• Legislative Bills That Could Redefine California Workplaces in 2026

    By Fred W. Alvarez, Hannah L. Jones, Daniel M. Bruggebrew, Allison Moser, Paige B. Pulley, Hannah Withers, and Stacey Zartler

    California is once again at the forefront of workplace regulation, with a slate of 2026 bills that would significantly expand employee rights and increase employer compliance obligations. From limits on AI in employment decisions, to restrictions on stay-or-pay agreements, expanded pay data reporting, and new immigration-related protections, these measures highlight the state’s aggressive approach to reshaping the employer-employee relationship.

    Governor Newsom has until October 12, 2025 to sign or veto these bills. Below is a table summarizing the most significant proposals currently on his desk as well as a deeper dive into each bill. We will provide follow-up guidance once final enactments are known to help employers prepare for compliance. Unless otherwise noted, any new laws signed will take effect on January 1, 2026.

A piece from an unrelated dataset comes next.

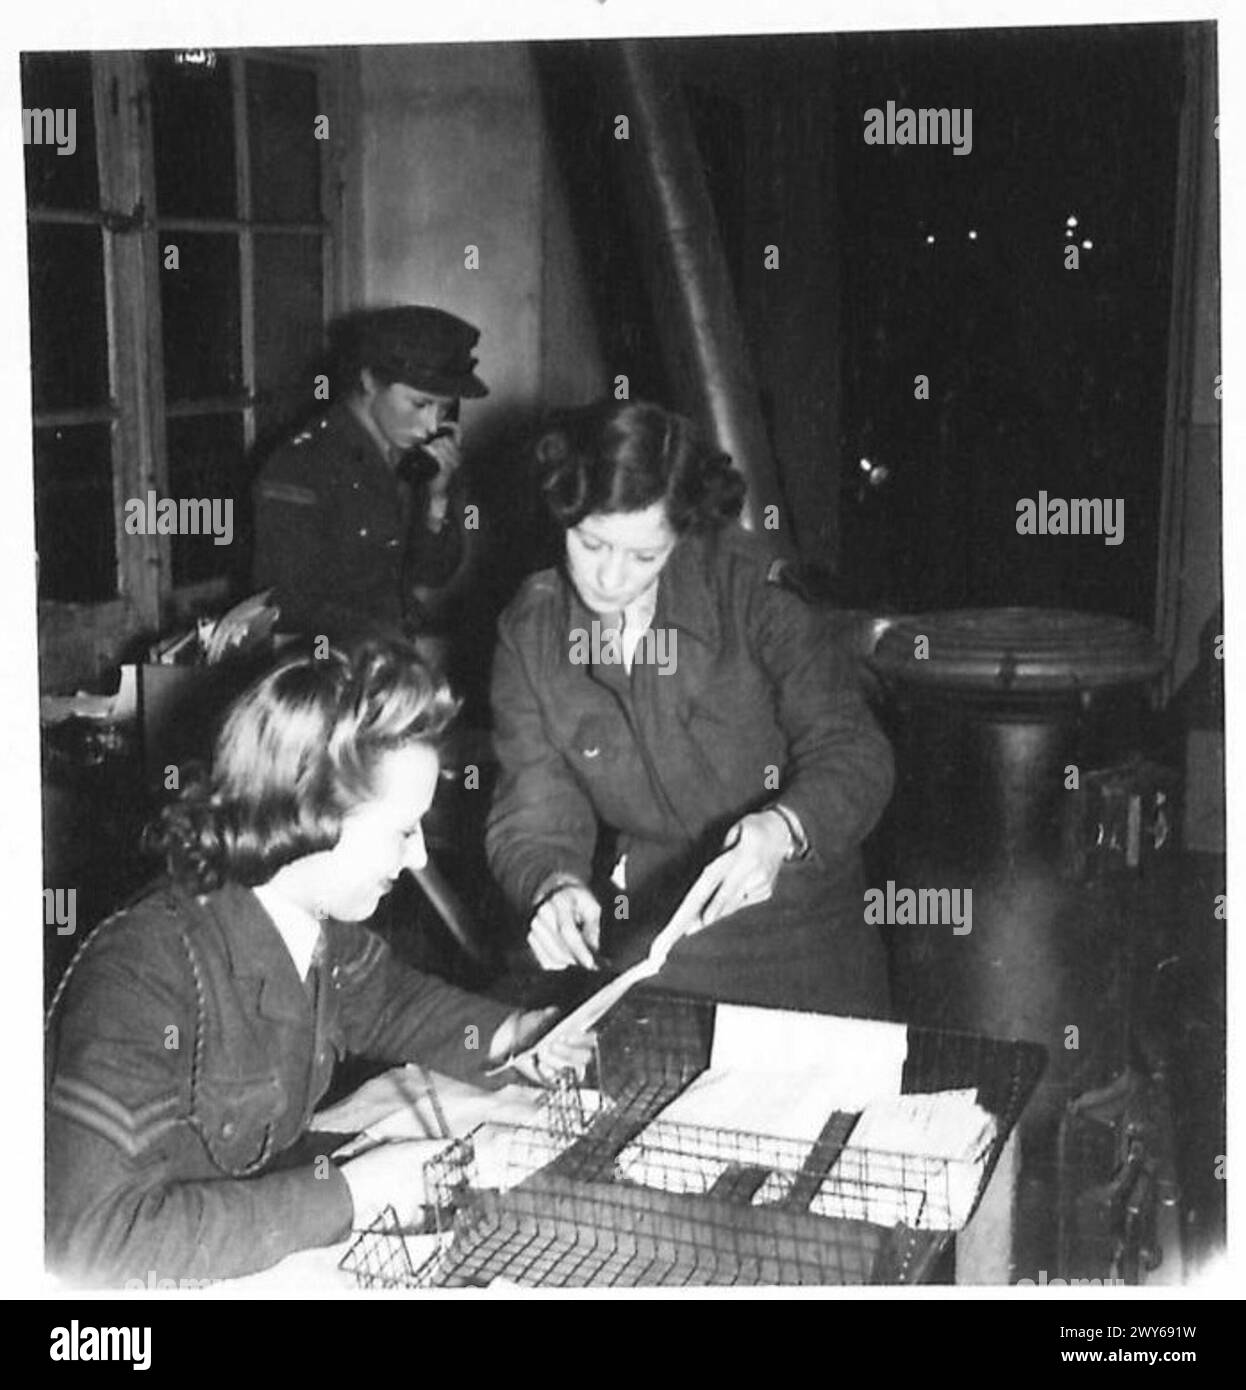 RAGAZZE DI SERVIZIO dello S.H.A.E.F. - al banco di circolazione nell'ufficio telestampatore. [A sinistra] Cpl. E. McNeil di Wallasey, Cheshire. È in A.T.S. dal novembre 1939. Sta ricevendo un messaggio di telestampa da Pte. Beatrice Hayward di Ardwick, Manchester. , British Army, 21st Army Group Foto Stock

    Bill Topic Key Requirements / Changes
    SB 7 Limits on AI in Employment Decisions Prohibits exclusive use of AI tools in hiring, promotion, or discipline; requires notice, data access, and appeal rights.
    AB 692 Ban on Most Stay-or-Pay Agreements Makes most repayment or retention provisions unenforceable; limited exceptions for tuition or education costs.
    AB 1136 Expanded Leave for Immigration Proceedings Provides up to 12 months of unpaid leave for detention and 5 unpaid days for immigration-related matters.
    SB 464 Broader Pay Data Reporting Expands demographic reporting to include sexual orientation; requires separate recordkeeping.
    SB 642 Pay Scale in Job Postings Clarifies definition of “pay scale”; extends lawsuit deadline to 3 years.
    SB 590 Paid Family Leave for “Chosen Family” Extends PFL benefits to care for a “designated person,” aligning with CFRA.
    SB 513 Personnel Records Must Include
    Training Data
    Adds training, education, and certification details to required personnel records.
    AB 1326 Employee Right to Wear Face Masks Employers may not prohibit mask use unless it poses a safety hazard; brief removal allowed for identification.
    SB 294 “Know Your Rights” Notice Requires new workplace notice by Feb. 1, 2026; $500/day penalty per employee for noncompliance.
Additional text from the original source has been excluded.